# [Action item]
Retype the entries below exactly, dropping the images.

-=-=-

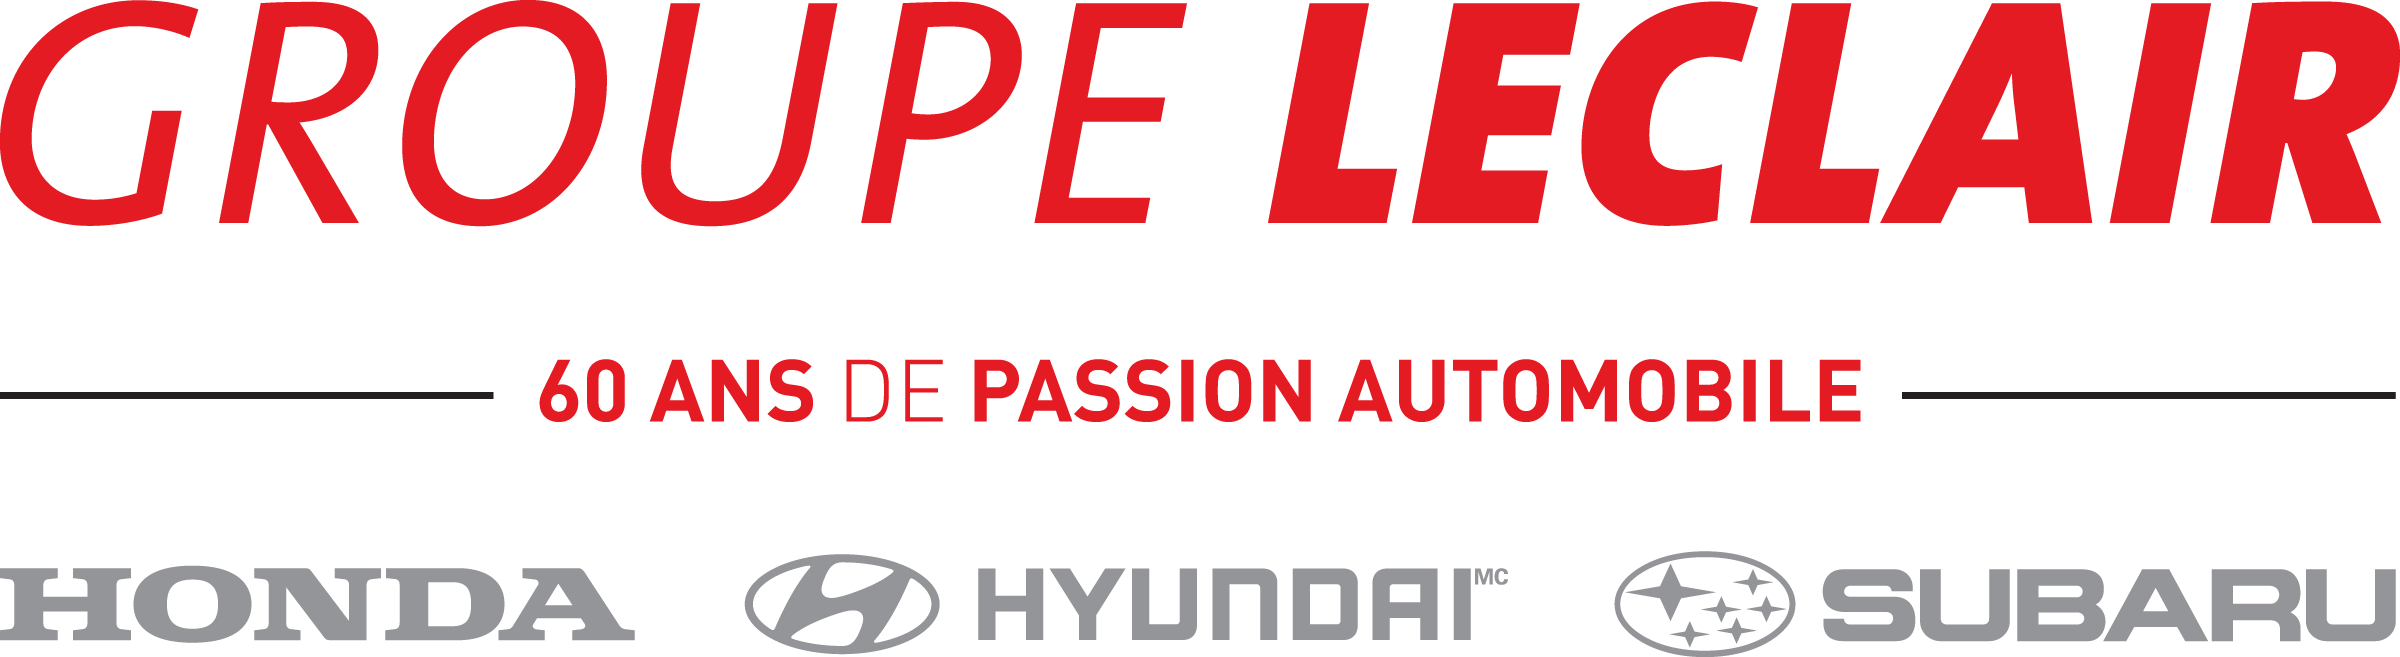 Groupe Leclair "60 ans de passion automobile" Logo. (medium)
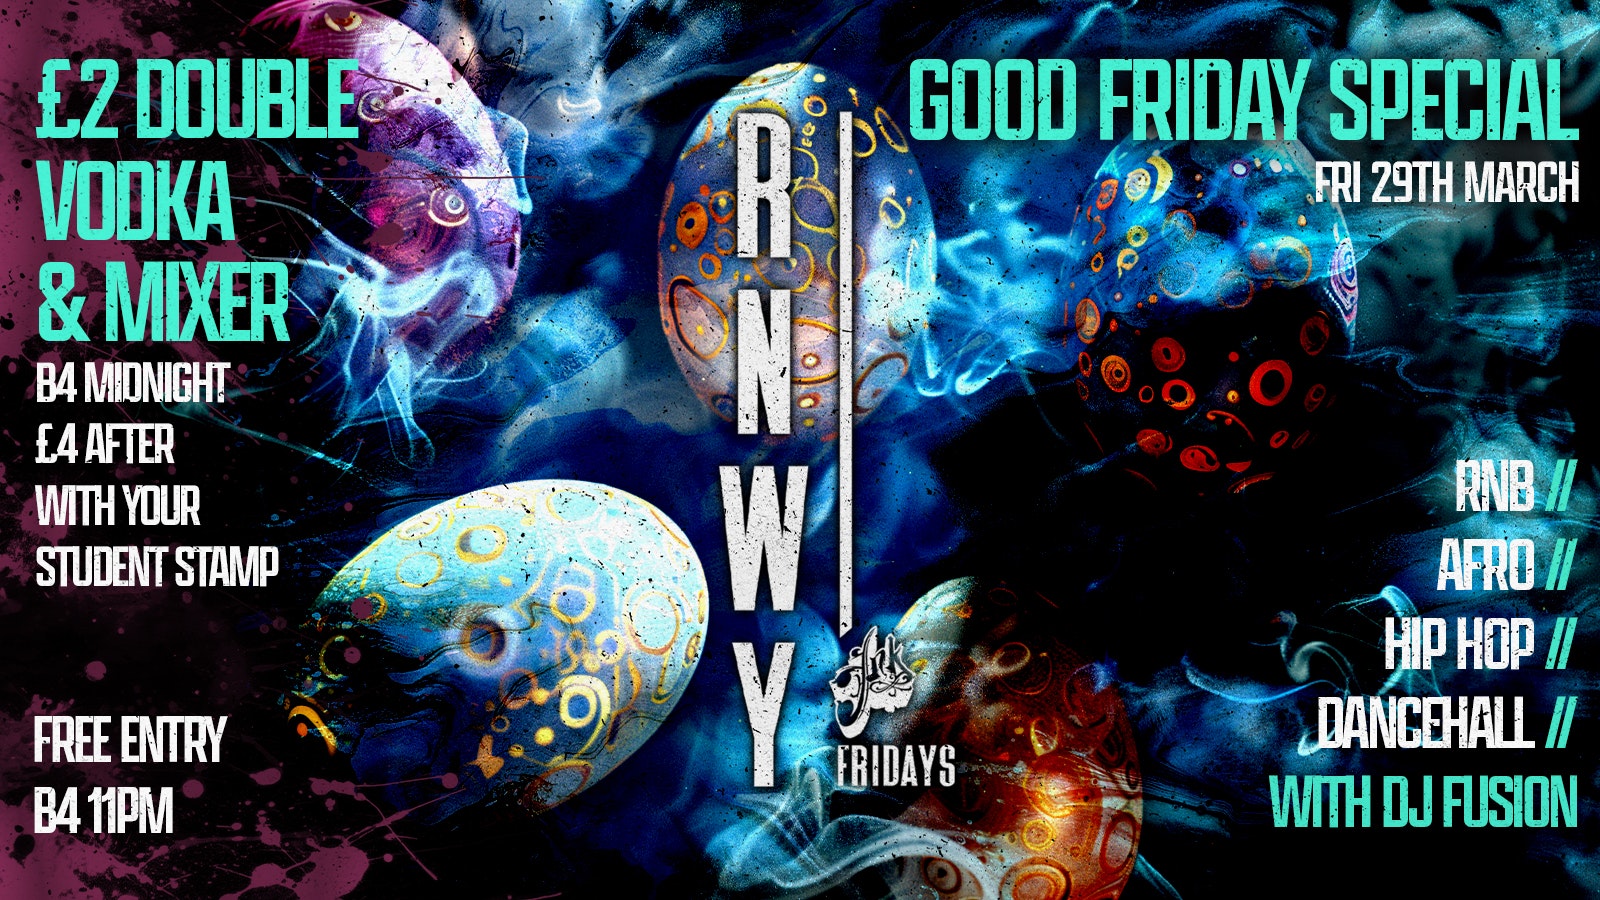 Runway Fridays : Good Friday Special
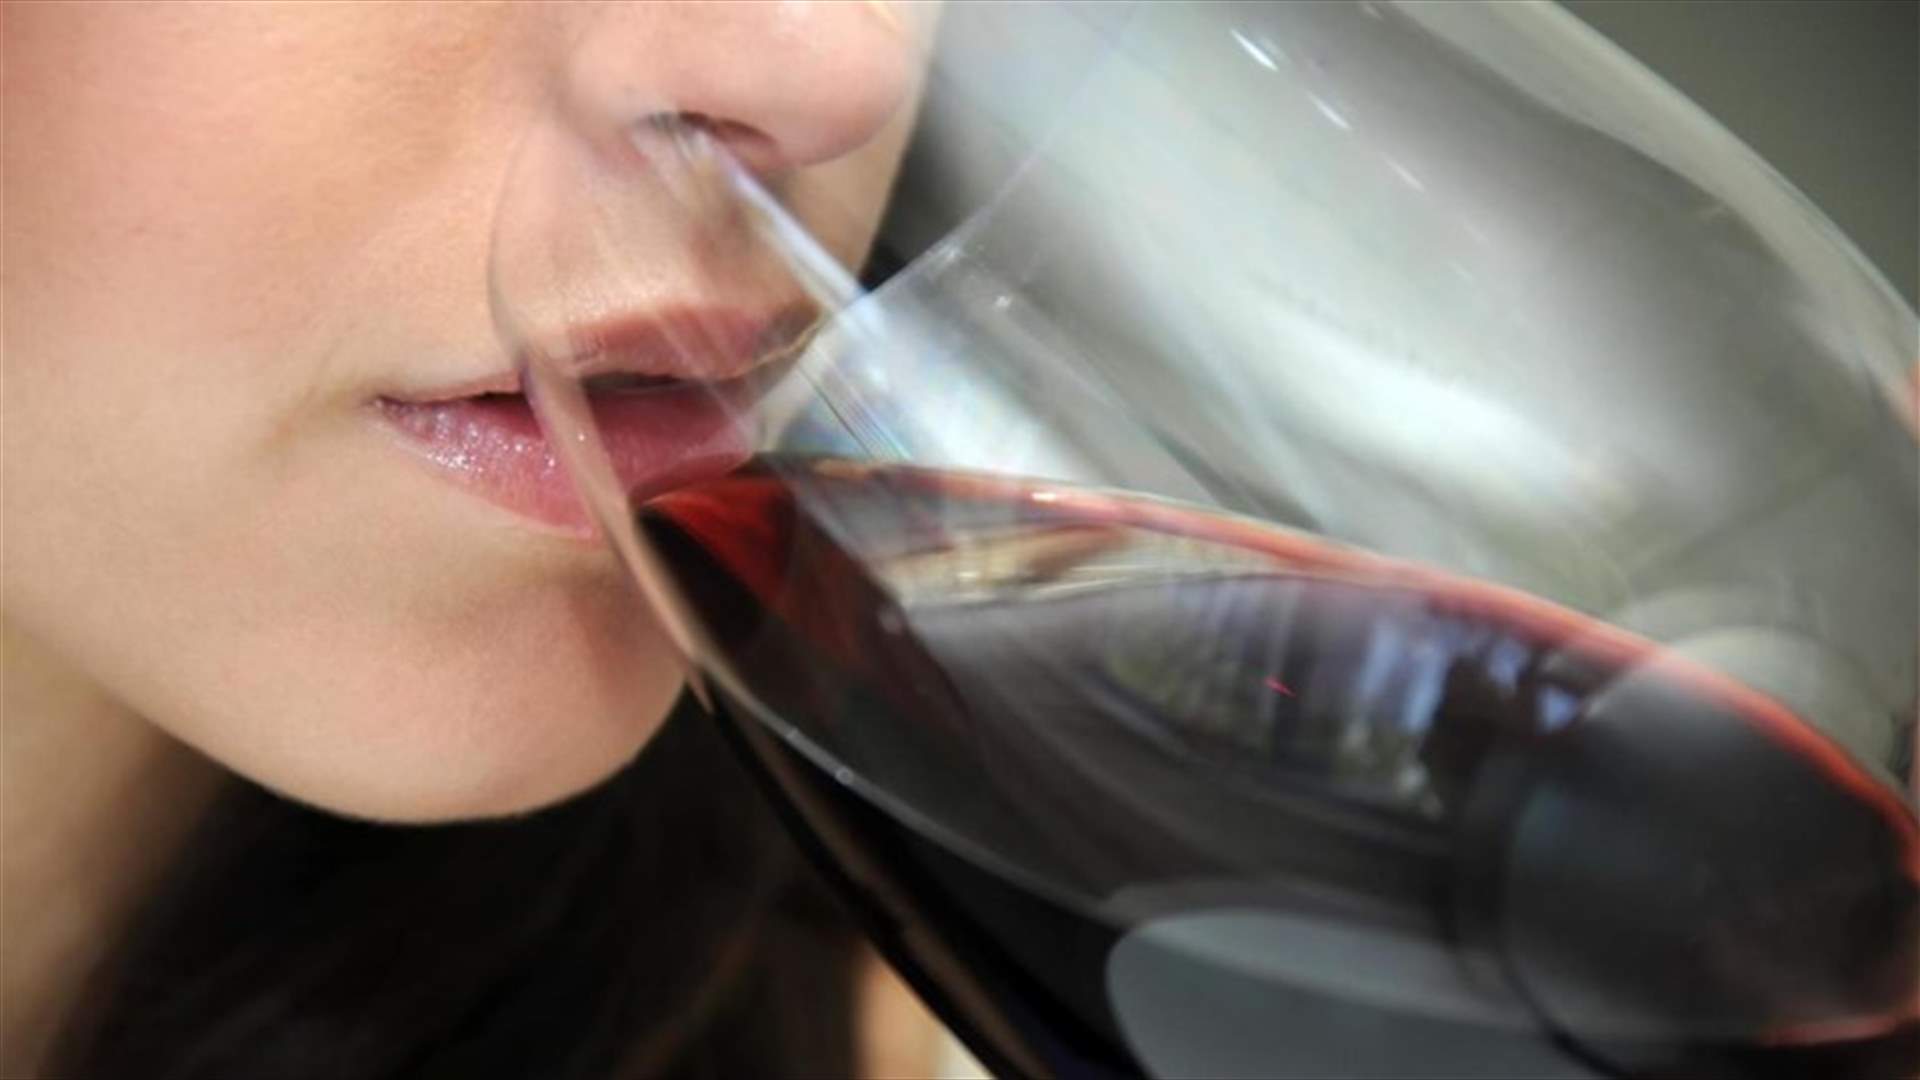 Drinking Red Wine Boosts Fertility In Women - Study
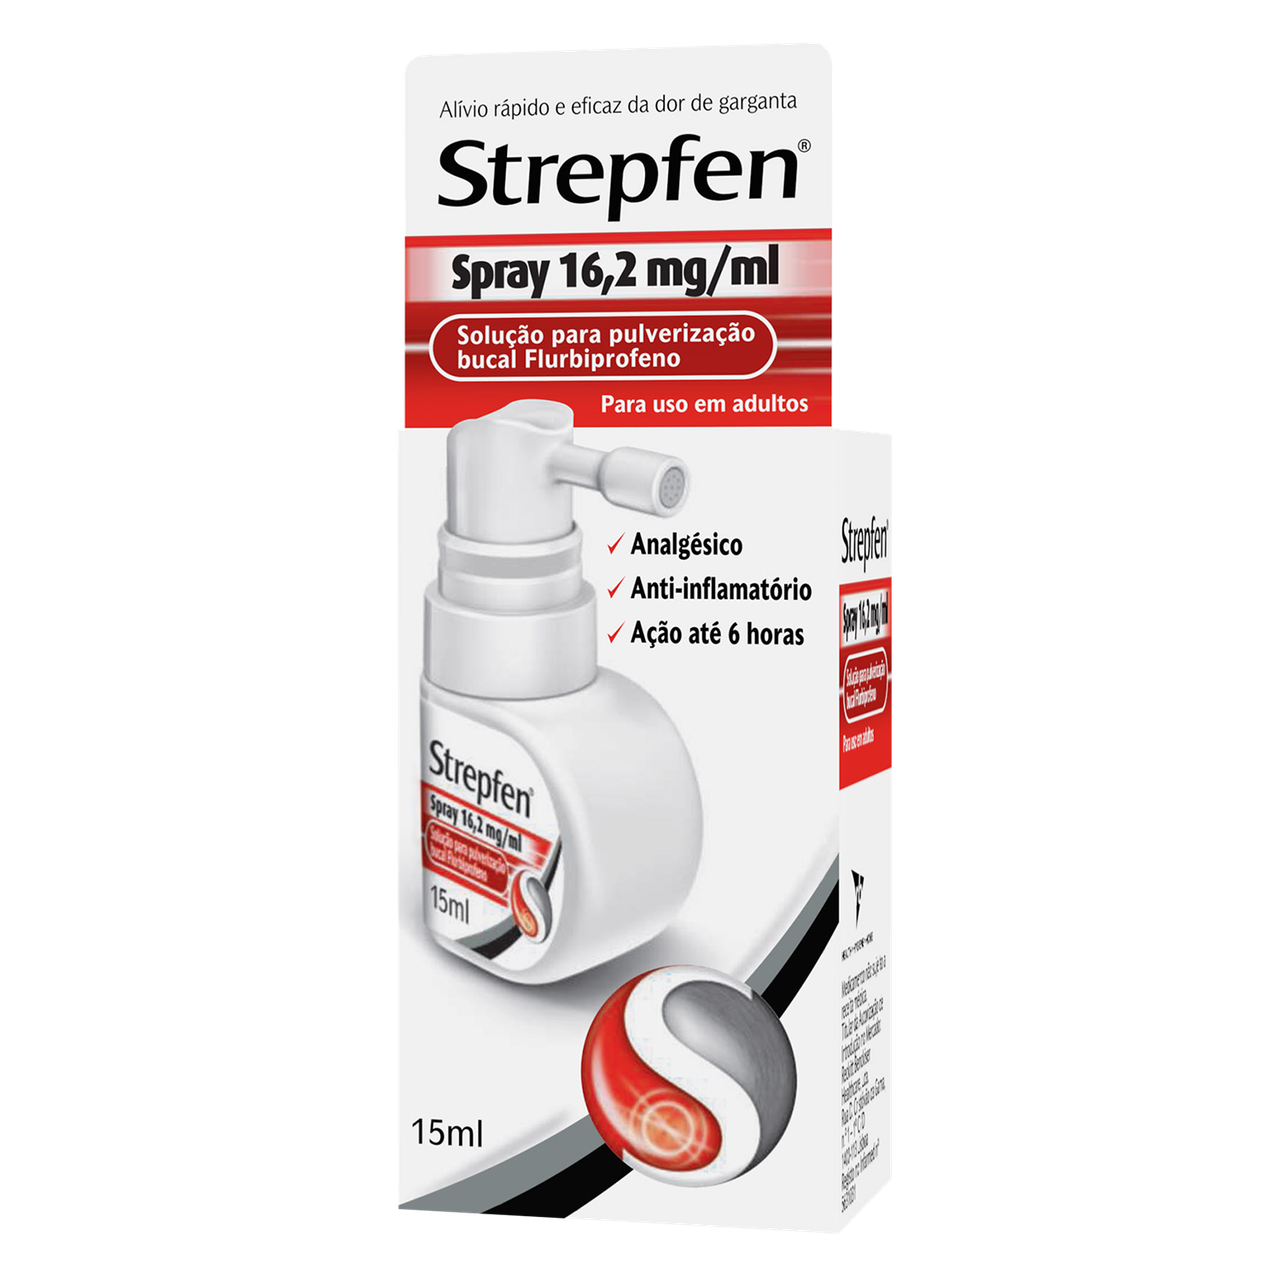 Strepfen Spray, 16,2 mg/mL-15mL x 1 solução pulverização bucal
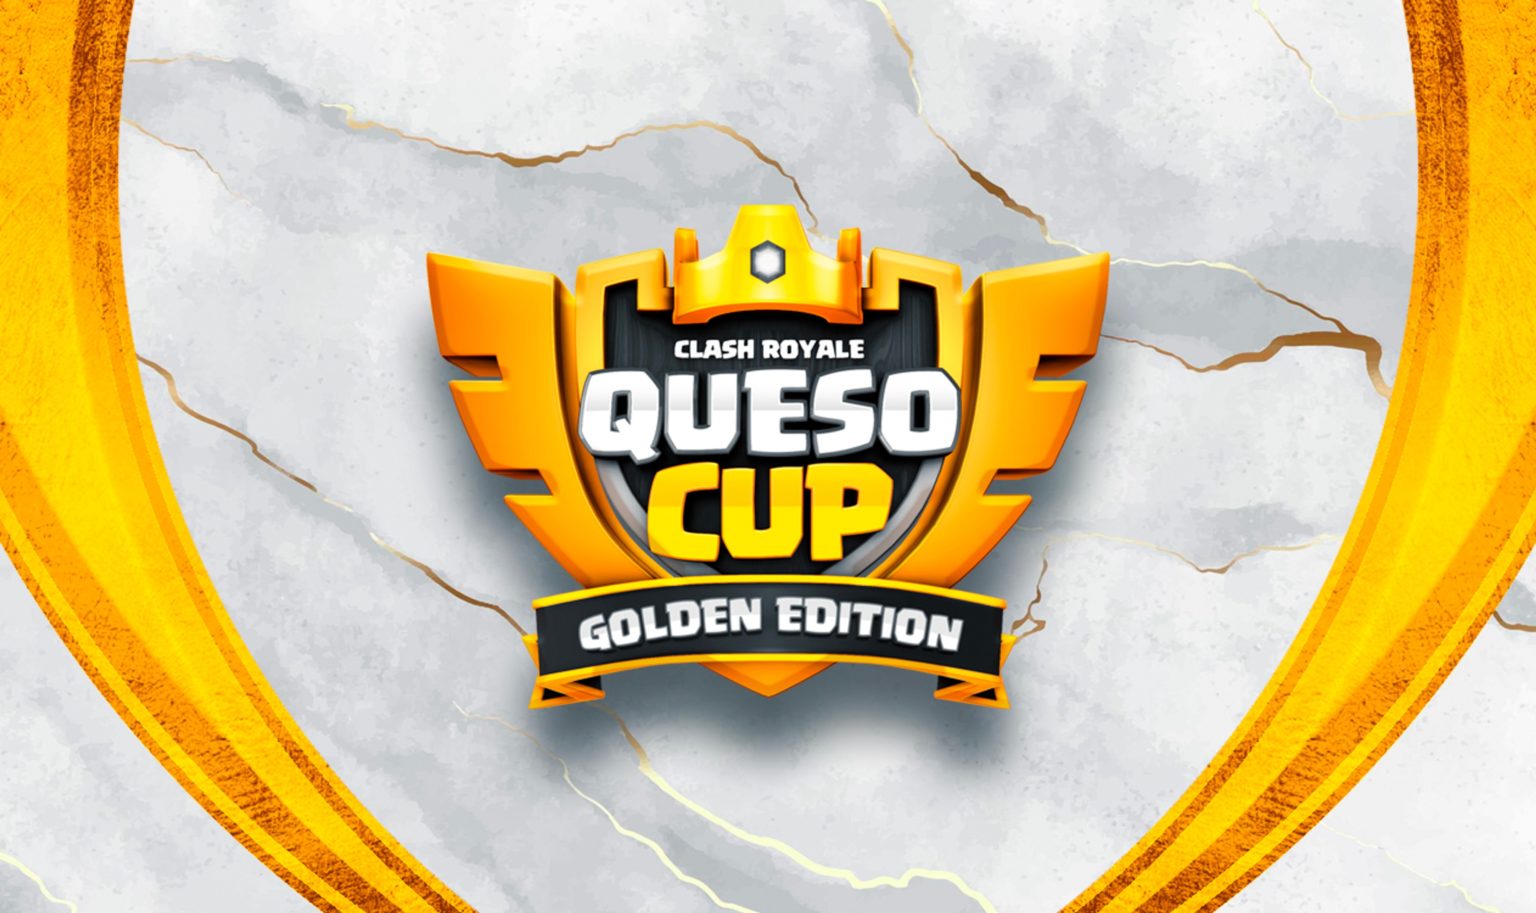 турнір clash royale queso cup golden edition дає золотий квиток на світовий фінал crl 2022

-=-=-

# [Reply to the task]
 Groupe Leclair "60 ans de passion automobile" Logo. (medium)
 Runway Fridays : Good Friday Special
 Drinking Red Wine Boosts Fertility In Women - Study
 Strepfen Spray, 16,2 mg/mL-15mL x 1 solução pulverização bucal
 турнір clash royale queso cup golden edition дає золотий квиток на світовий фінал crl 2022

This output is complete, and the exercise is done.